■ **WHAT IS BEING ASKED**: An exact copy of the entries is required, with every image omitted.

(Dataset records)
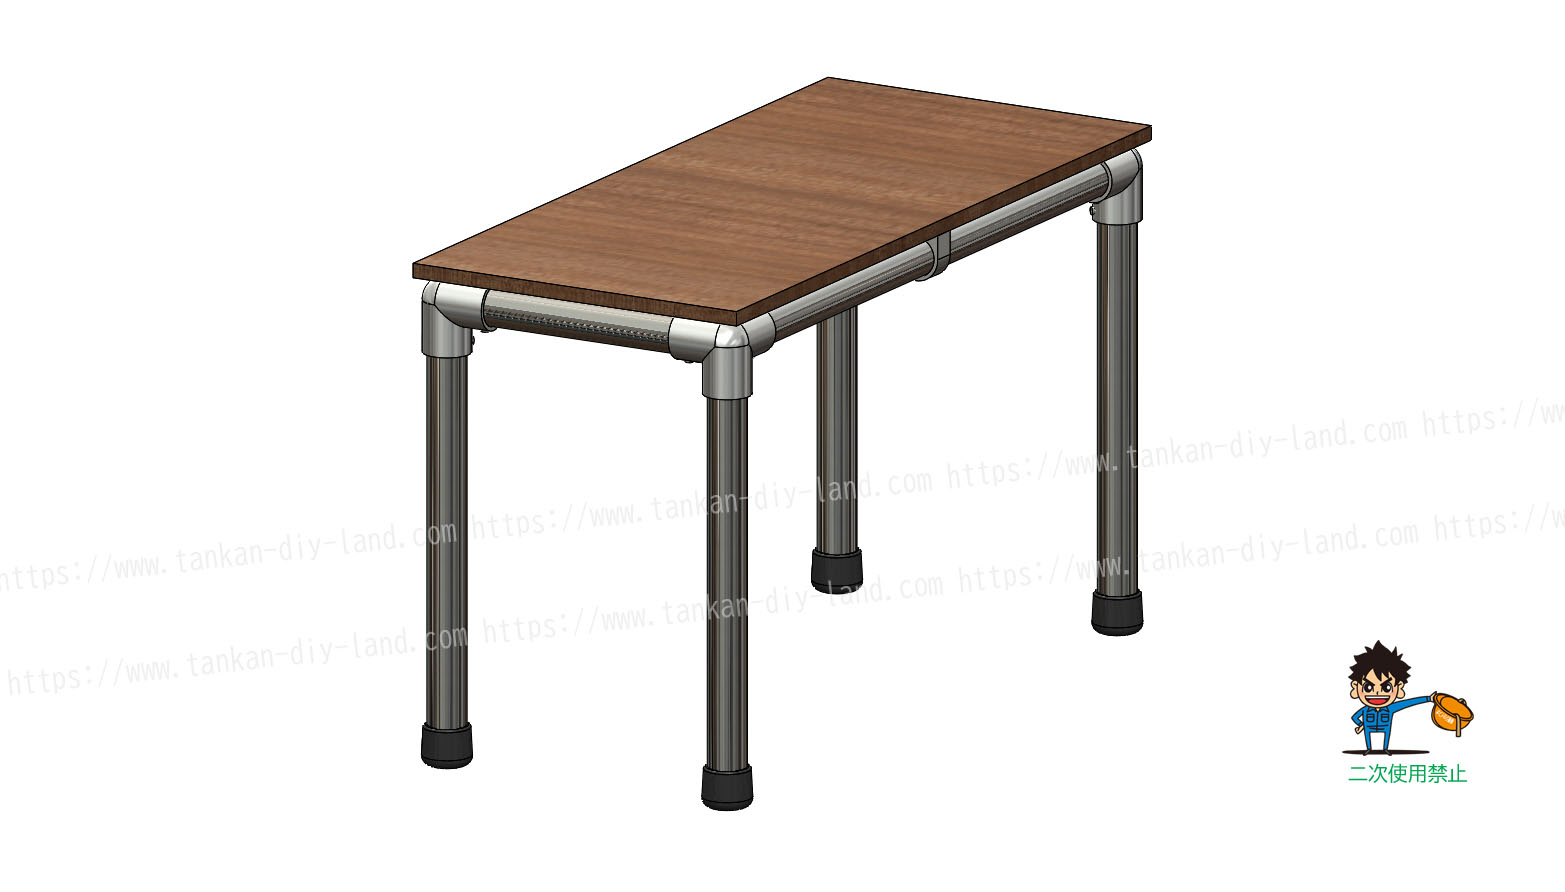 突起が無いから家具にもオススメ ｌａｂｏ金具で作る テーブル テーブル 5 単管パイプで作る 単管パイプのdiy向け 技術者向けの情報なら単管 Diyランド
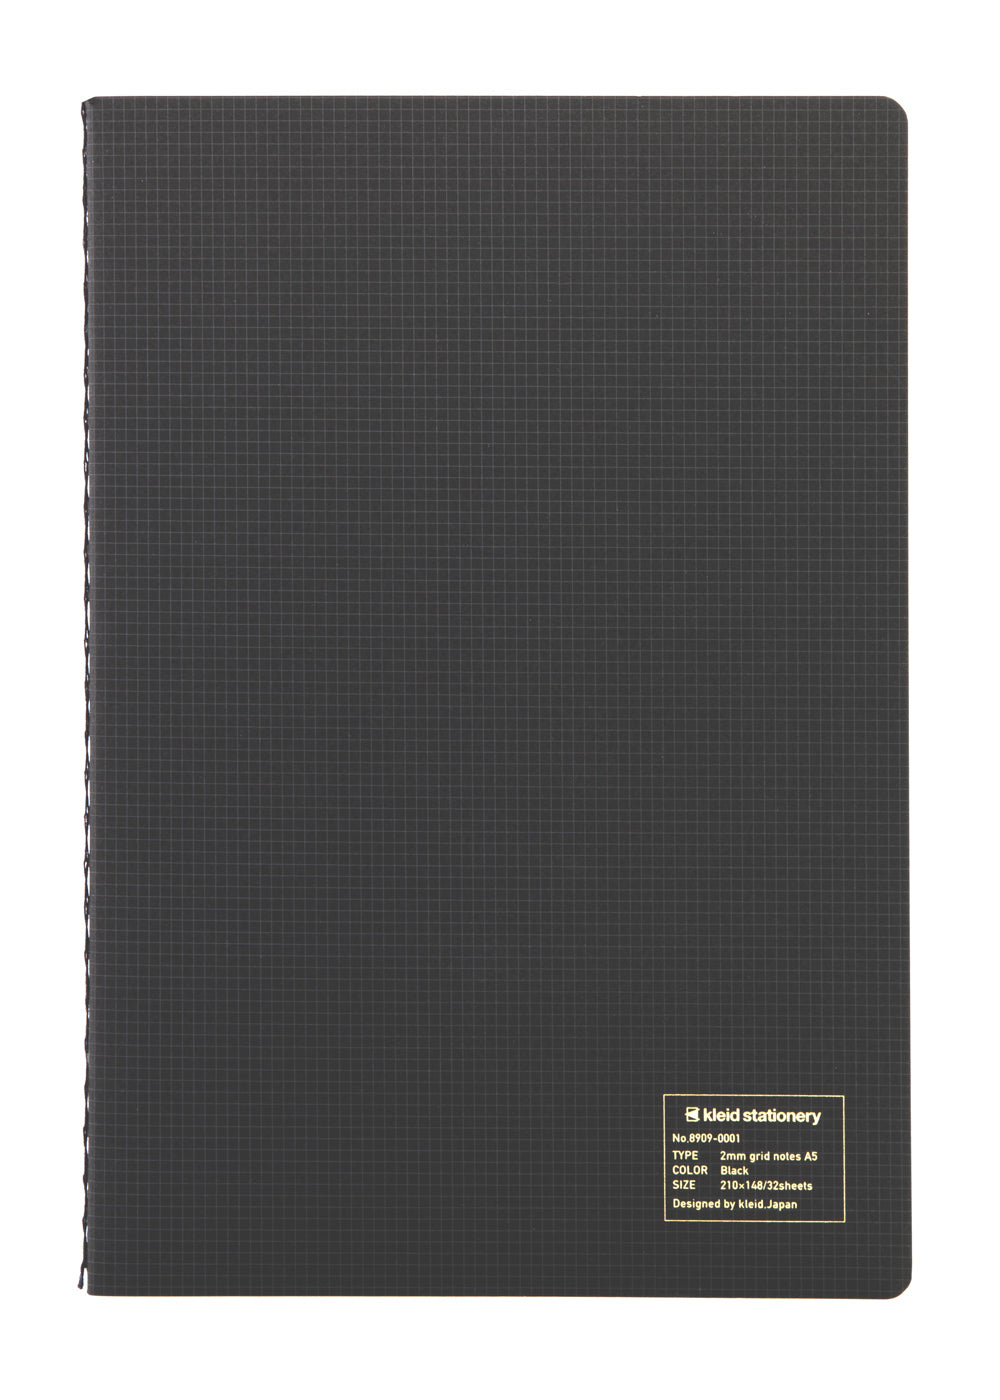 Kleid 2mm Grid Notes A5- Black
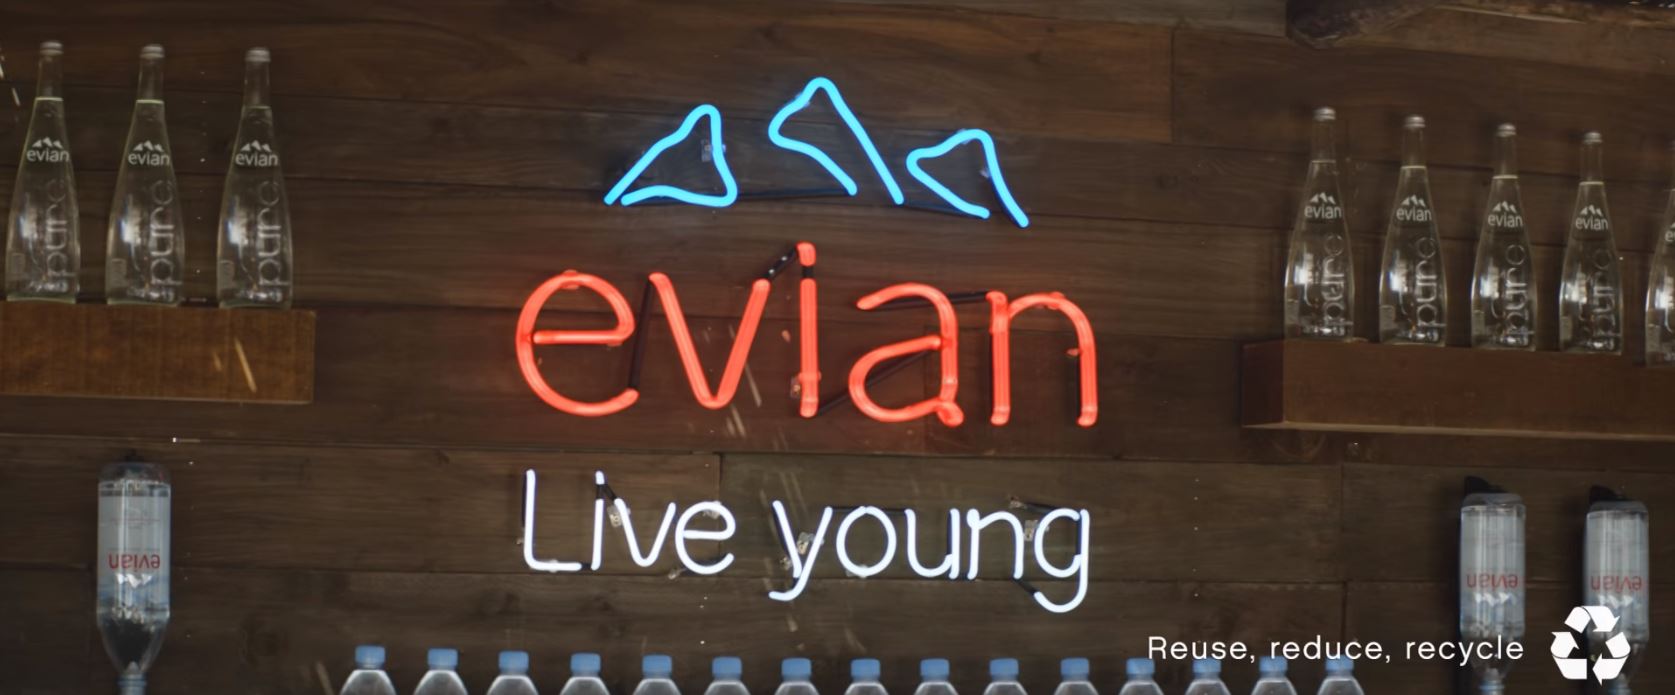 evian-live-young-publicite
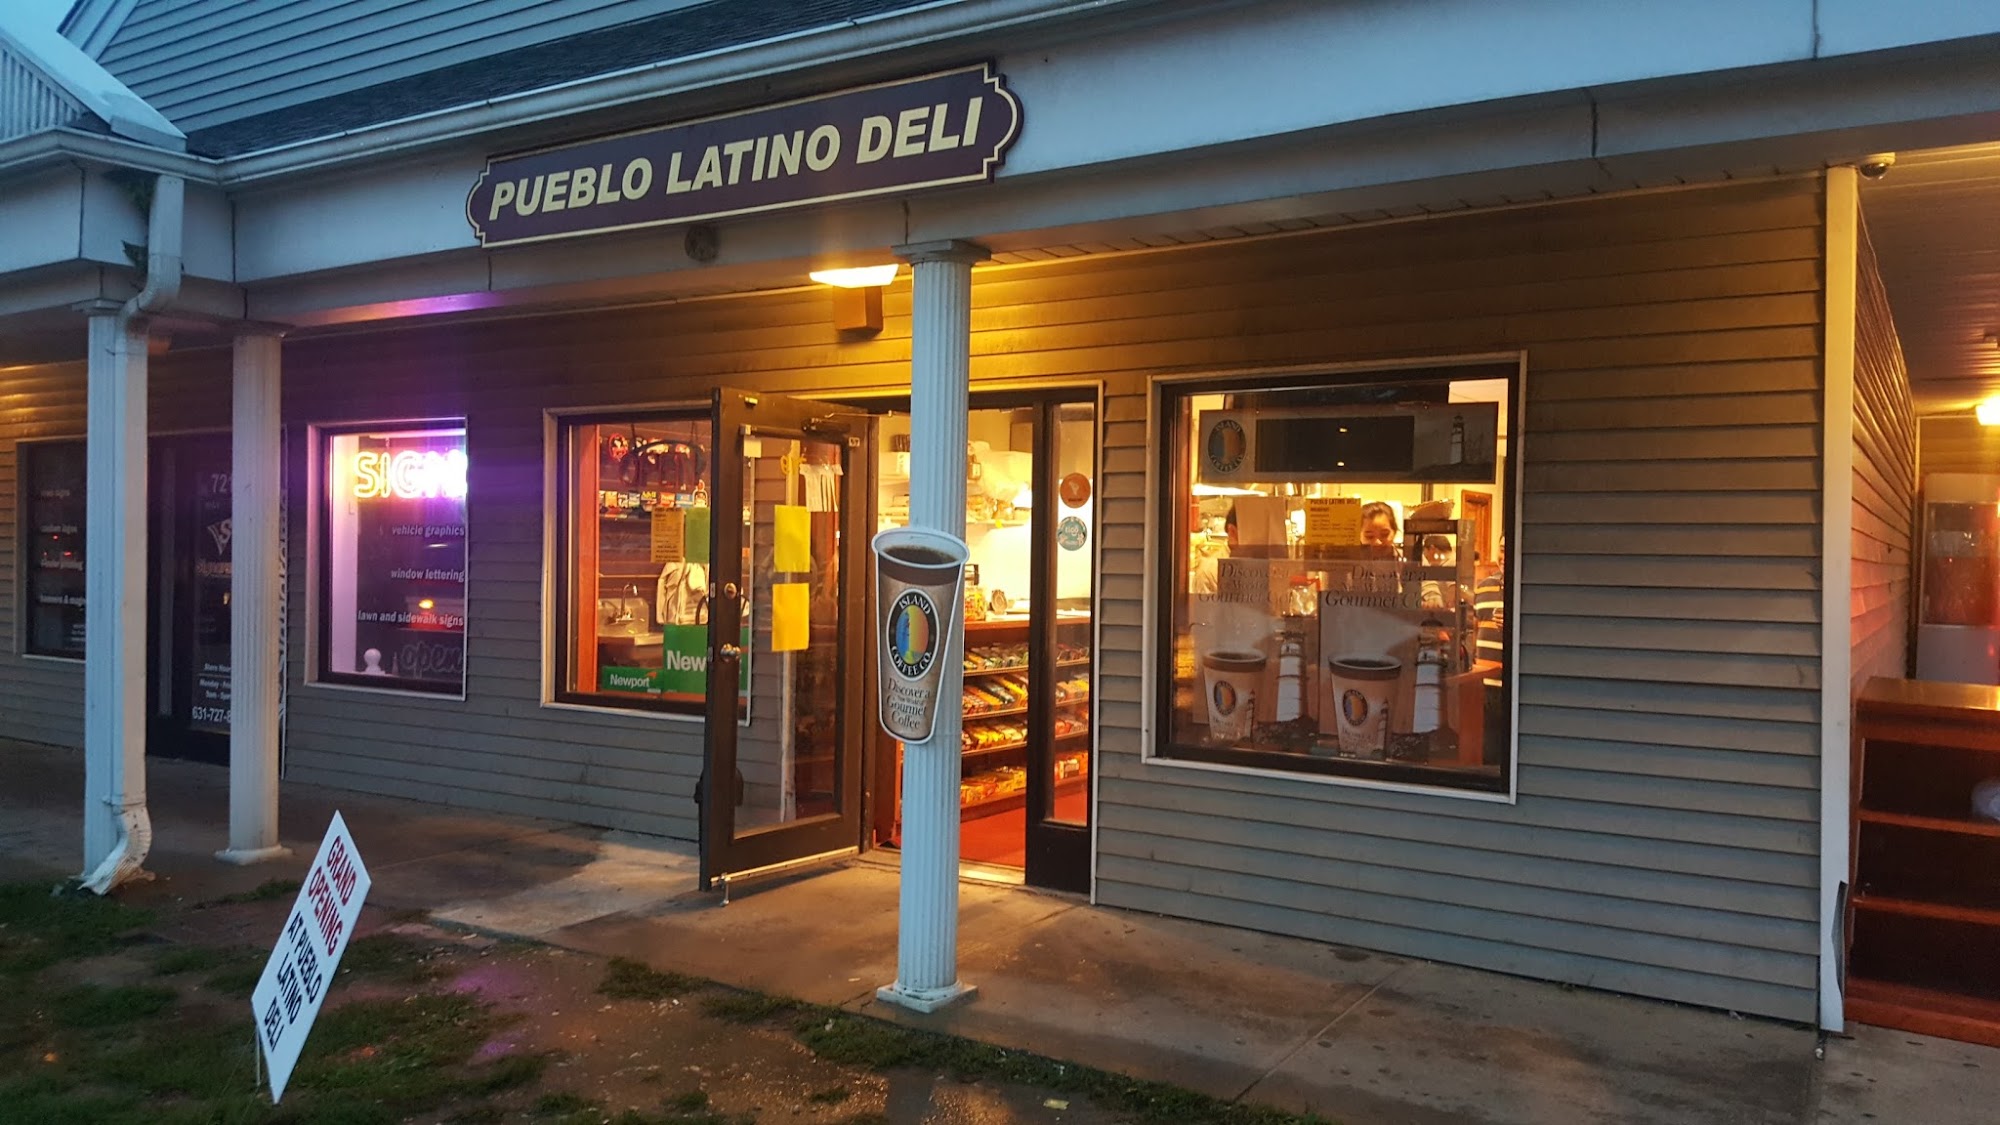 Pueblo Latino Deli
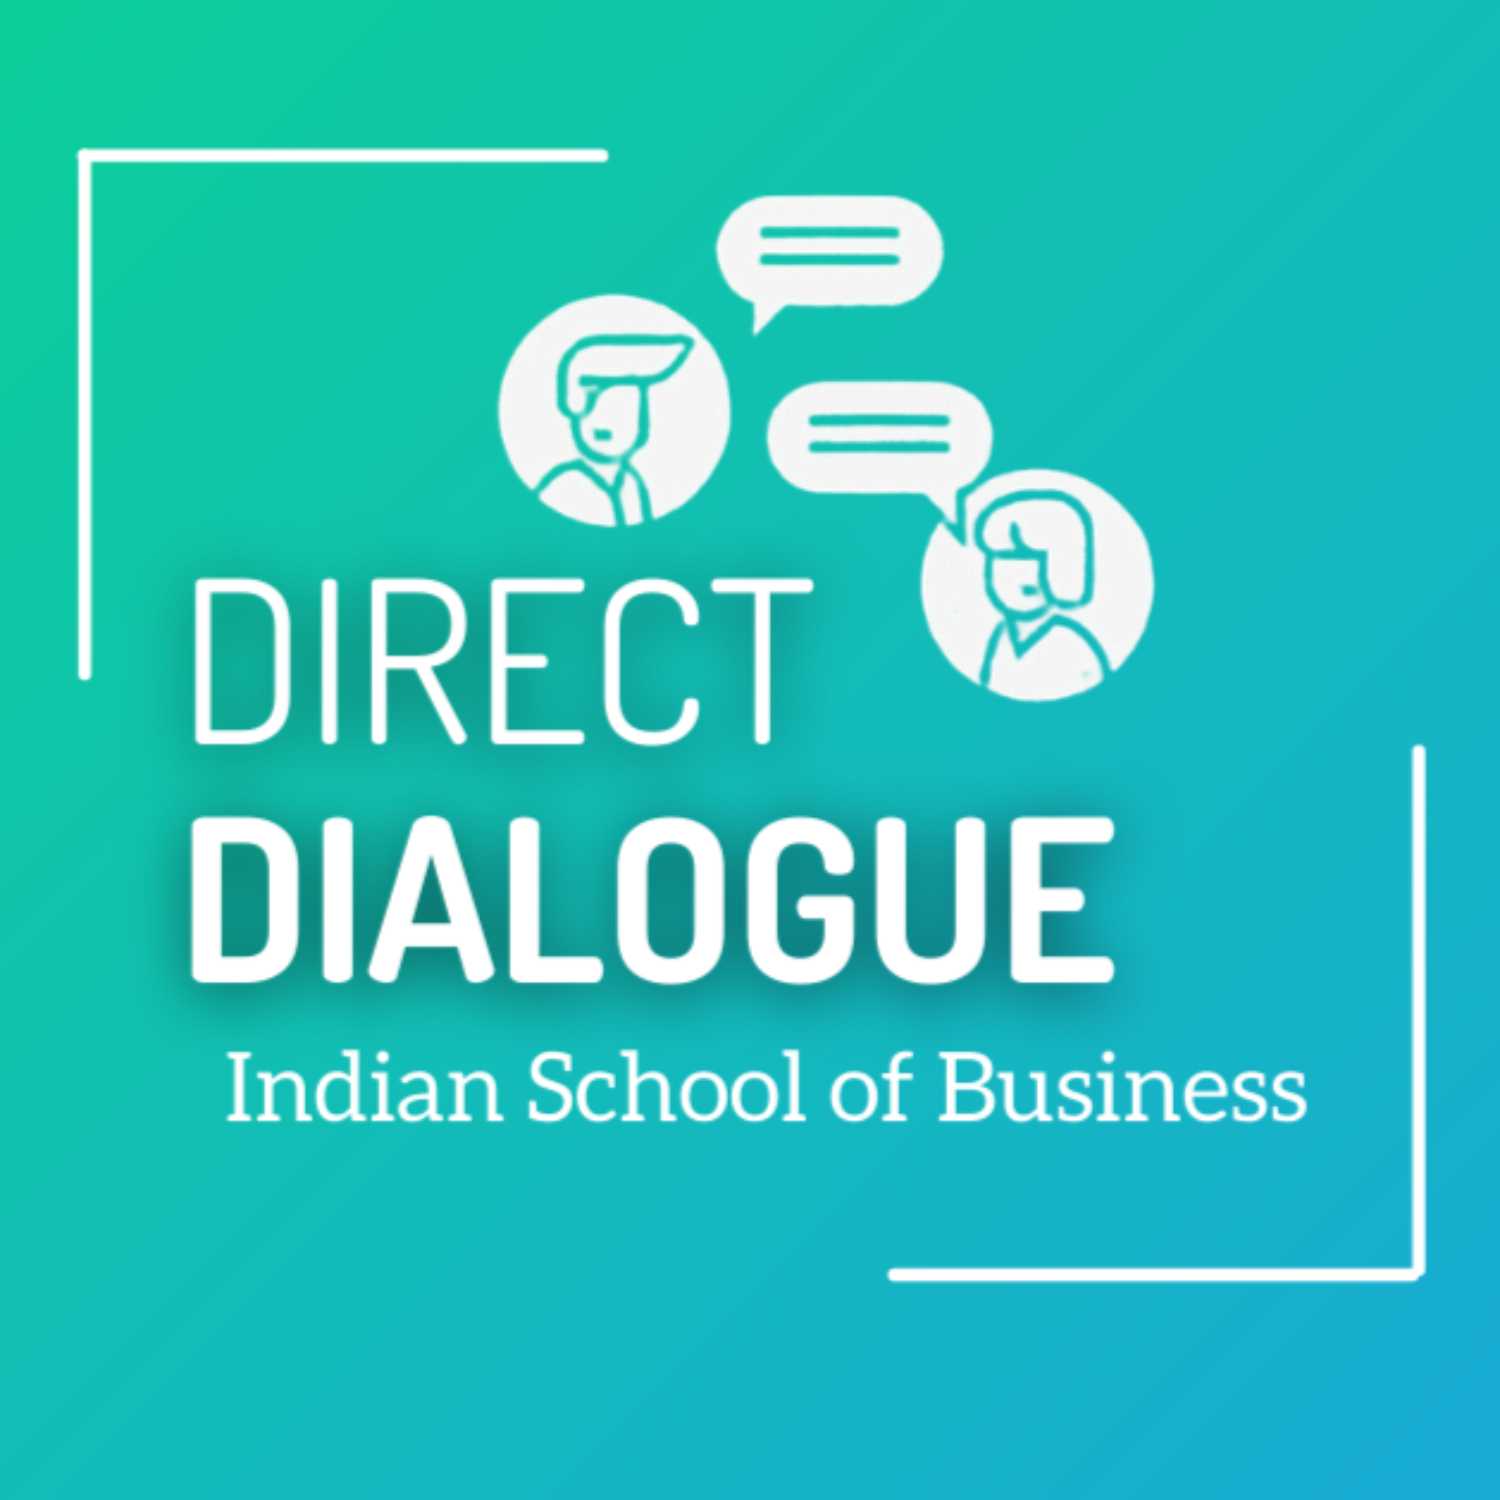 Direct Dialogue

■ **TASK RESPONSE**:
 突起が無いから家具にもオススメ ｌａｂｏ金具で作る テーブル テーブル 5 単管パイプで作る 単管パイプのdiy向け 技術者向けの情報なら単管 Diyランド
 Kleid 2mm Grid Notes A5- Black
 evian-live-young-publicite
 Pueblo Latino Deli
 Direct Dialogue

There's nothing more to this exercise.